# What you have to do
Could you please output only the lines from the one holding "The Zhiyun Smooth-Q3 carry case" through the end of the listing below, exactly as written and without pictures?

# Information supplied
Content starts

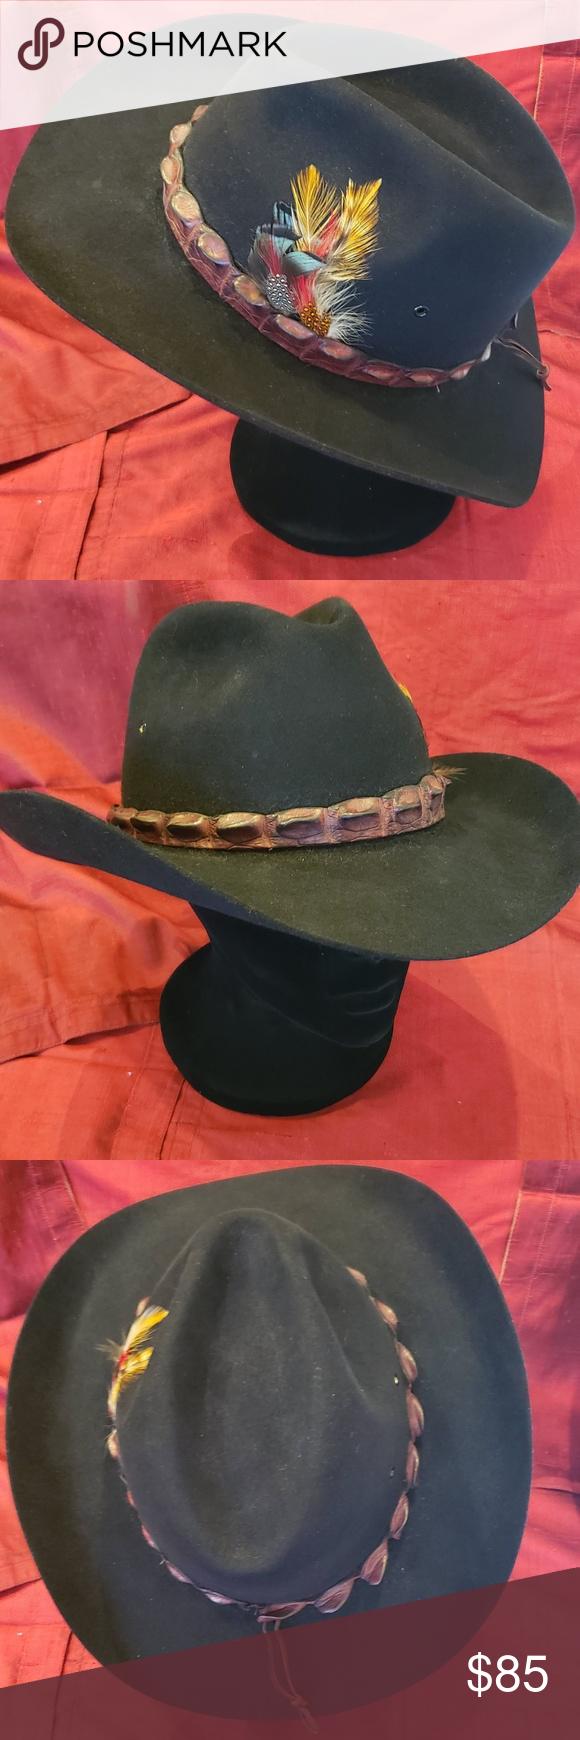 Akubra Coolabah Australian Cowboy Hat Croc Band Cowboy Hats Australian Cowboy Hat Akubra
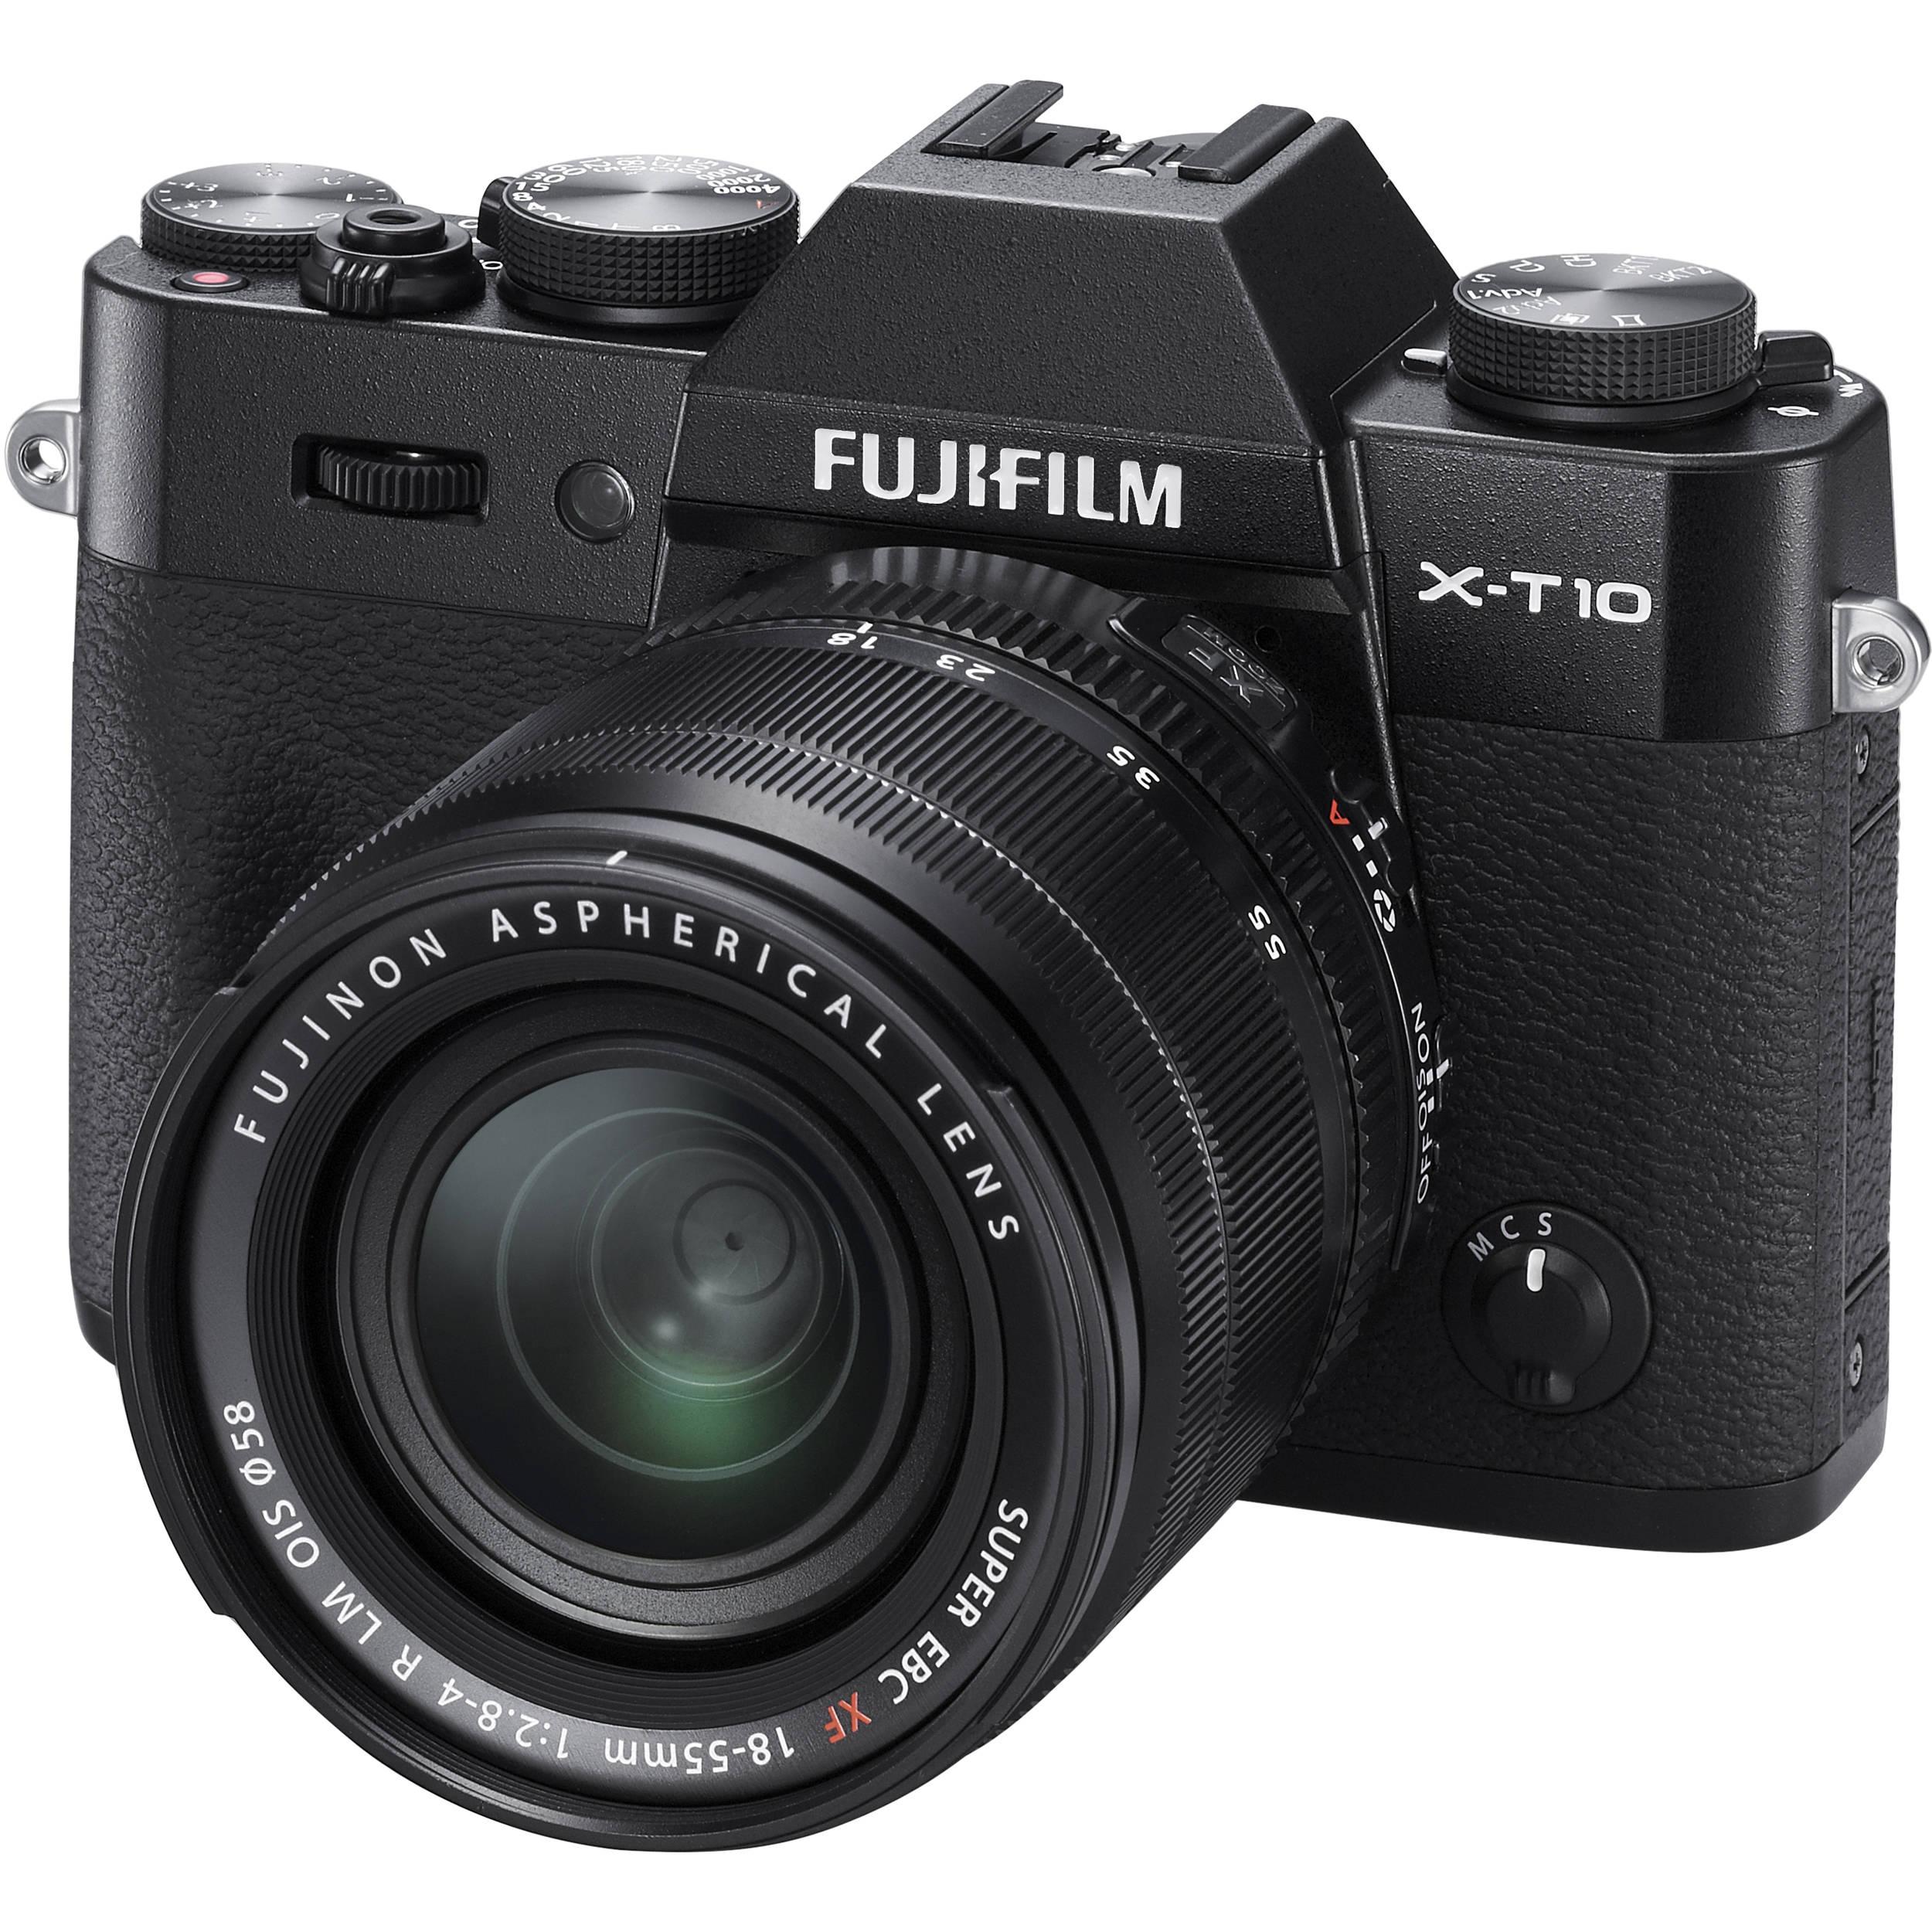 Fuji X-T10 18-55mm
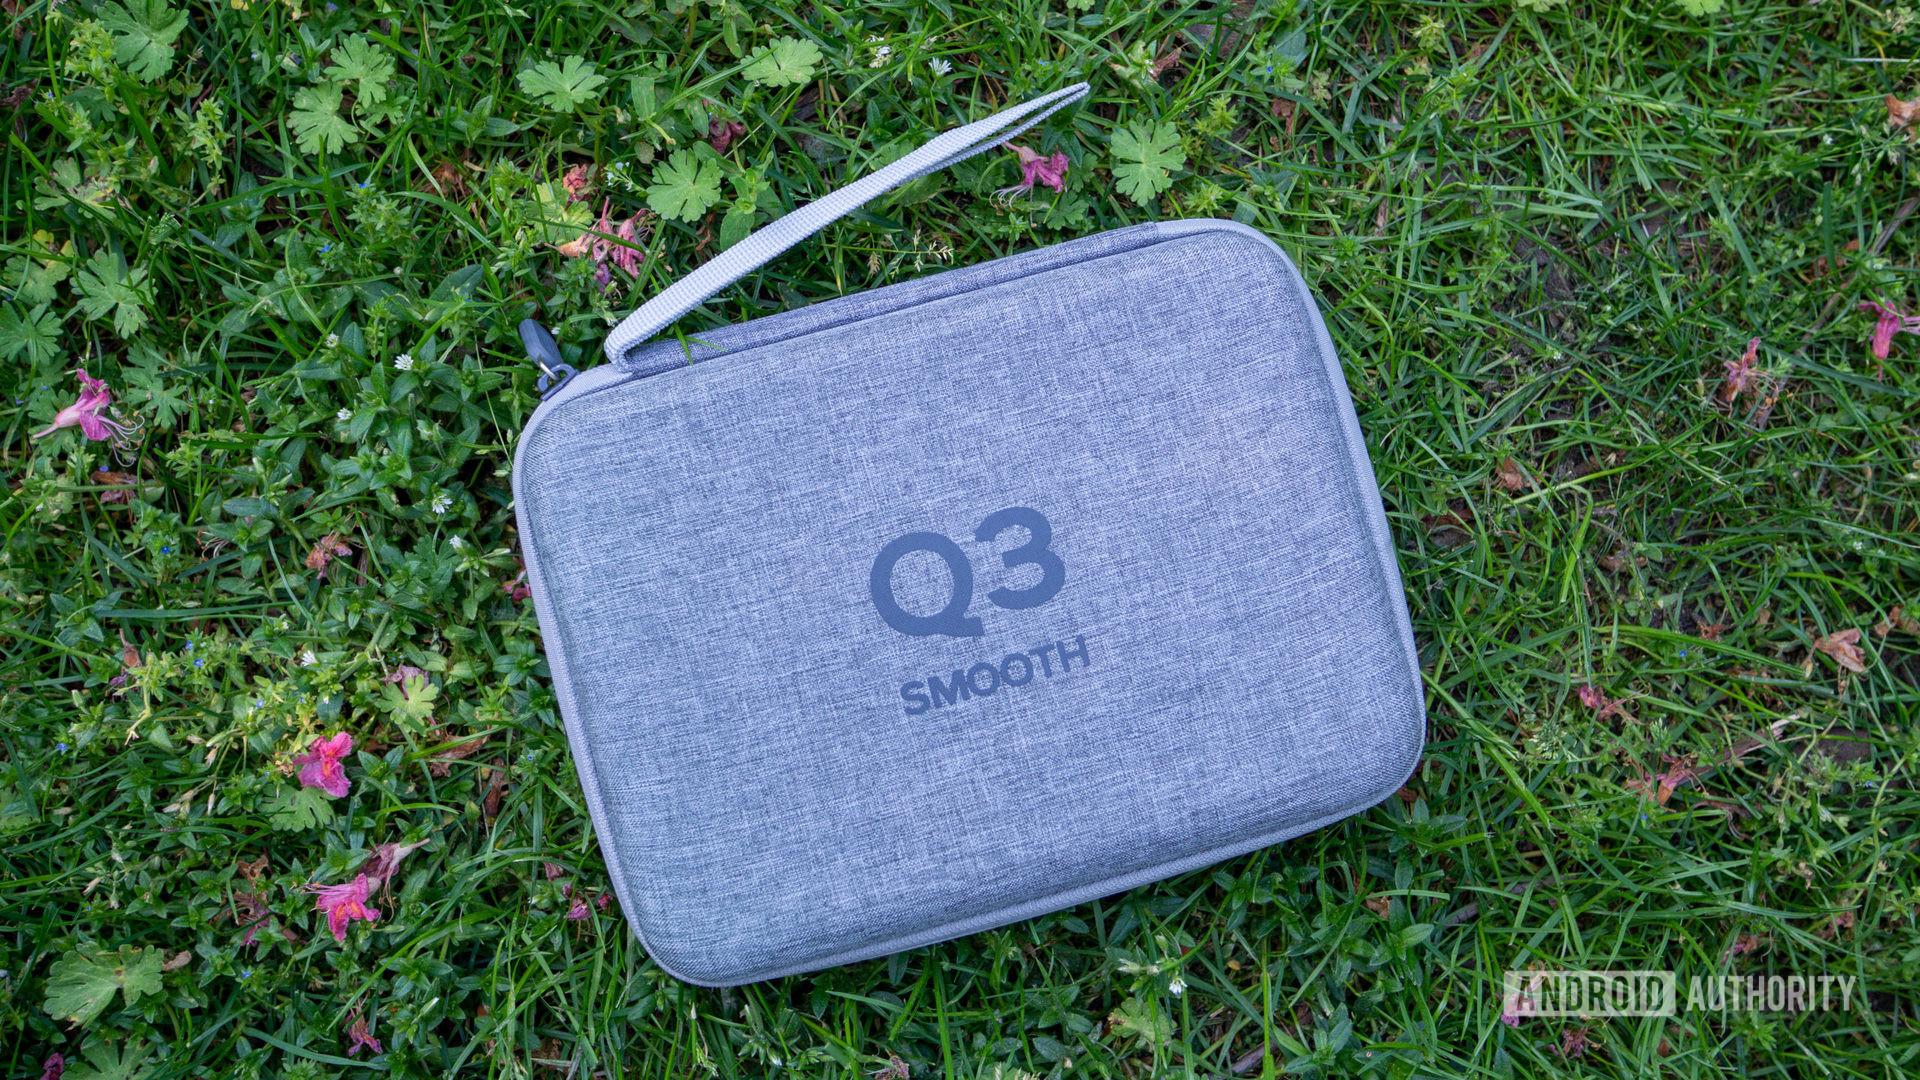 The Zhiyun Smooth-Q3 carry case
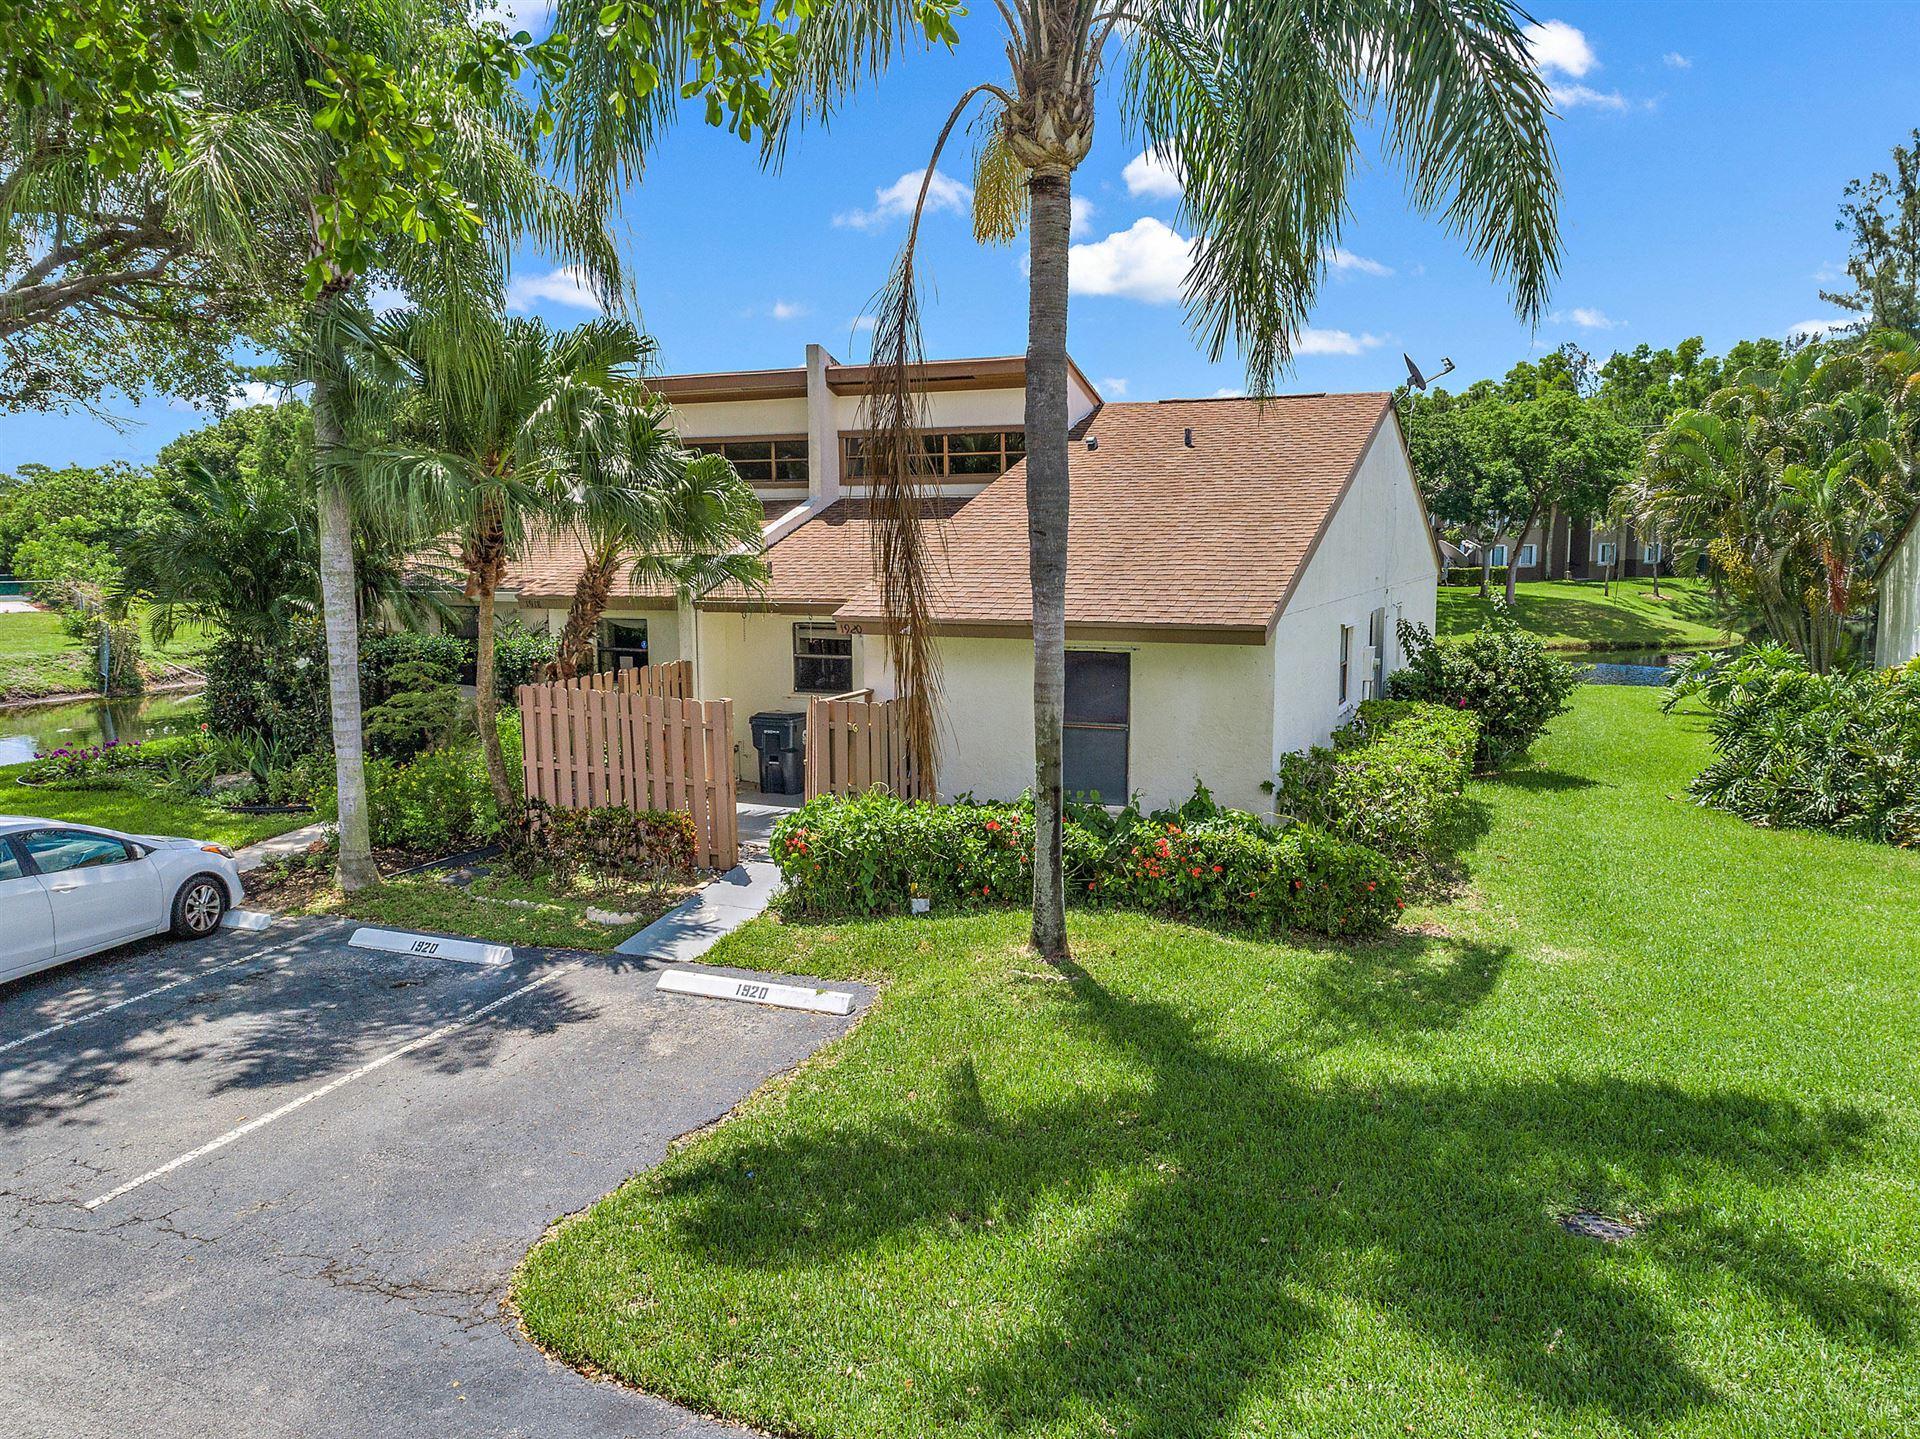 1920 Monks Court, West Palm Beach, FL 33415 - MLS#: RX-10733531

Content ends

# Task answer
 The Zhiyun Smooth-Q3 carry case
 1920 Monks Court, West Palm Beach, FL 33415 - MLS#: RX-10733531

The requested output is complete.